Hello! I am currently working on a custom module inside my pytorch model. This module creates a gaussian kernel that is convolved across the models input, while the parameters of the gaussian kernel are to be learned. There is to be 256 x 256 gaussian kernels generated. My init function looks like this:
def __init__(self, channel_num = 512, size = 32, ksizeDN = 12):
super().__init__()
self.channel_num = channel_num
self.size = size
self.ksizeDN = ksizeDN
self.thetaD = torch.nn.Parameter(uniform.Uniform(0, torch.pi).sample([self.channel_num, self.channel_num]),
requires_grad=True)
self.p = torch.nn.Parameter(uniform.Uniform(2, 6).sample([self.channel_num, self.channel_num]),
requires_grad=True)
self.sig = torch.nn.Parameter(uniform.Uniform(2, 6).sample([self.channel_num, self.channel_num]),
requires_grad=True)
self.a = torch.nn.Parameter(
torch.abs(torch.randn(self.channel_num, self.channel_num, requires_grad=True)))
#self.nU = torch.nn.Parameter(torch.abs(torch.randn(1, self.channel_num, 1, 1, requires_grad=True)))
self.gaussian_bank = torch.nn.Parameter(torch.zeros(self.channel_num, self.channel_num, self.ksizeDN * 2 + 1,
self.ksizeDN * 2 + 1), requires_grad=False)
self.x = torch.linspace(-self.ksizeDN, self.ksizeDN, self.ksizeDN * 2 + 1)
self.y = torch.linspace(-self.ksizeDN, self.ksizeDN, self.ksizeDN * 2 + 1)
self.xv, self.yv = torch.meshgrid(self.x, self.y)
for i in range(self.channel_num):
for u in range(self.channel_num):
self.gaussian_bank[i, u, :, :] = self.get_gaussian(i, u)
The first four parameters are variables in the gaussian kernel equation (self.get_gaussian), which is called when constructing the ‘gaussian bank’ in the for loop. The gaussian bank is 256 x 256 x 25 x 25. For reference, the gaussian kernel equation is defined as:
def get_gaussian(self, cc, oc):
xrot = (self.xv * torch.cos(self.thetaD[cc, oc]) + self.yv * torch.sin(self.thetaD[cc, oc]))
yrot = (-self.xv * torch.sin(self.thetaD[cc, oc]) + self.yv * torch.cos(self.thetaD[cc, oc]))

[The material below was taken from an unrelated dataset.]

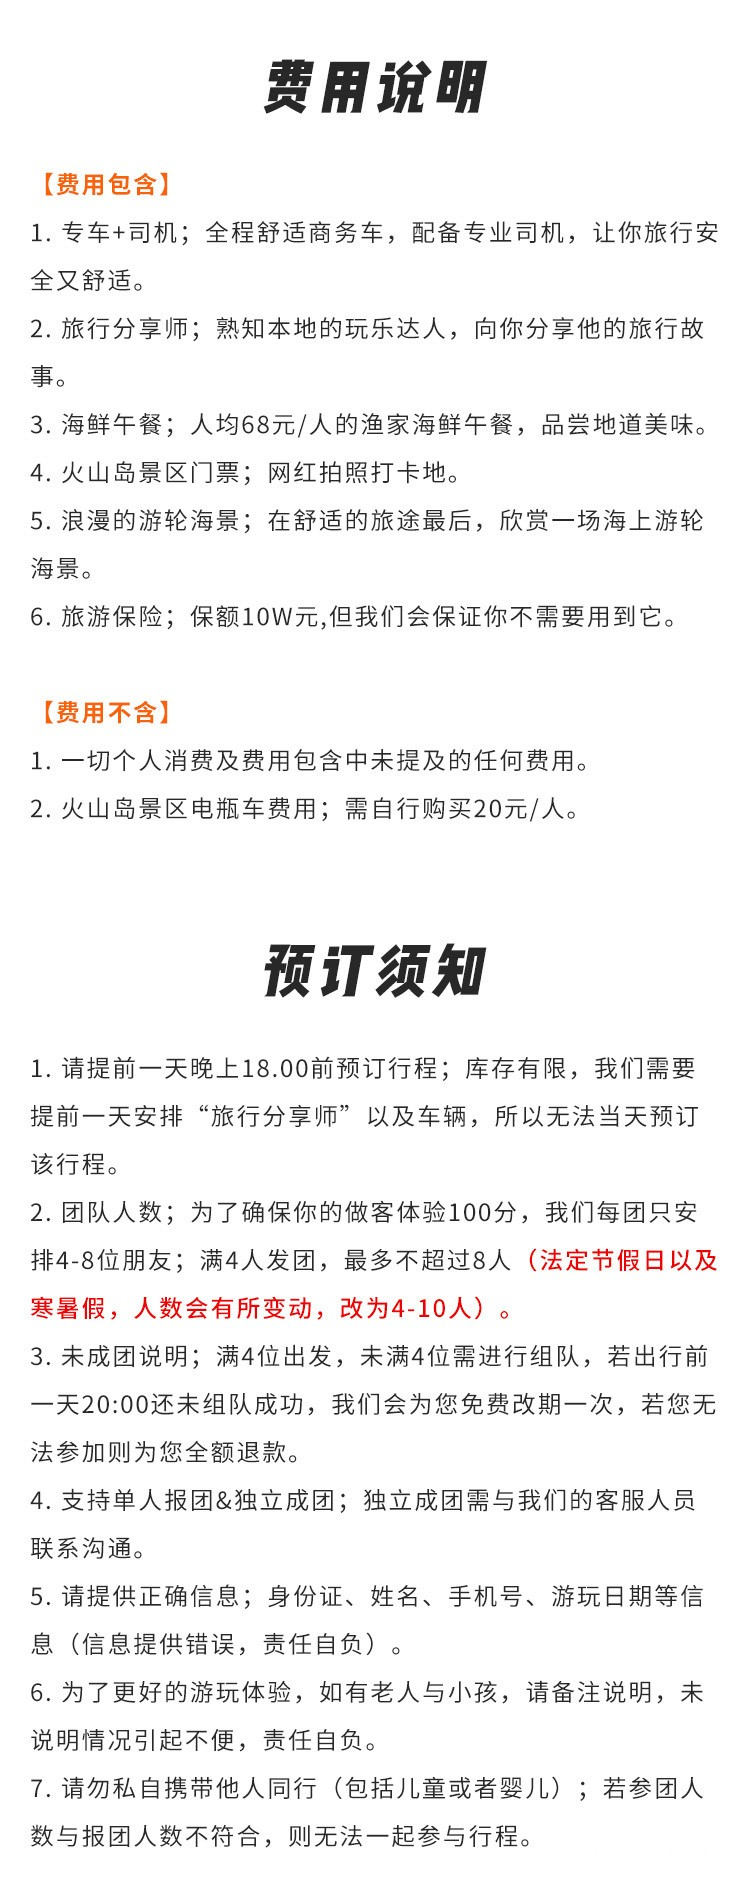 【海鲜午餐·小垦丁镇海角×火山岛一日游】(请提前一天晚上18:00前预定行程^ ^)

g_kernel = torch.tensor((abs(self.a[cc, oc]) /
(2 * torch.pi * self.p[cc, oc] * self.sig[cc, oc])) * \
torch.exp(-0.5 * ((((xrot) ** 2) / self.p[cc, oc] ** 2) +
(((yrot) ** 2) / self.sig[cc, oc] ** 2))))
return g_kernel
After running the training on this, I notice that even though the parameters are changing, the ‘gaussian bank’ parameter never changes. In fact, all the parameters (thetaD, a, sig and p) all seem to go to zero over multiple epochs, which does not seem right. How can I define the gaussian bank parameter so that the model updates the gaussian bank whenever the parameters are adjusted? I am a bit new to pytorch, so apologies for any confusion - I am willing to answer anything I missed and I am very appreciative for any help!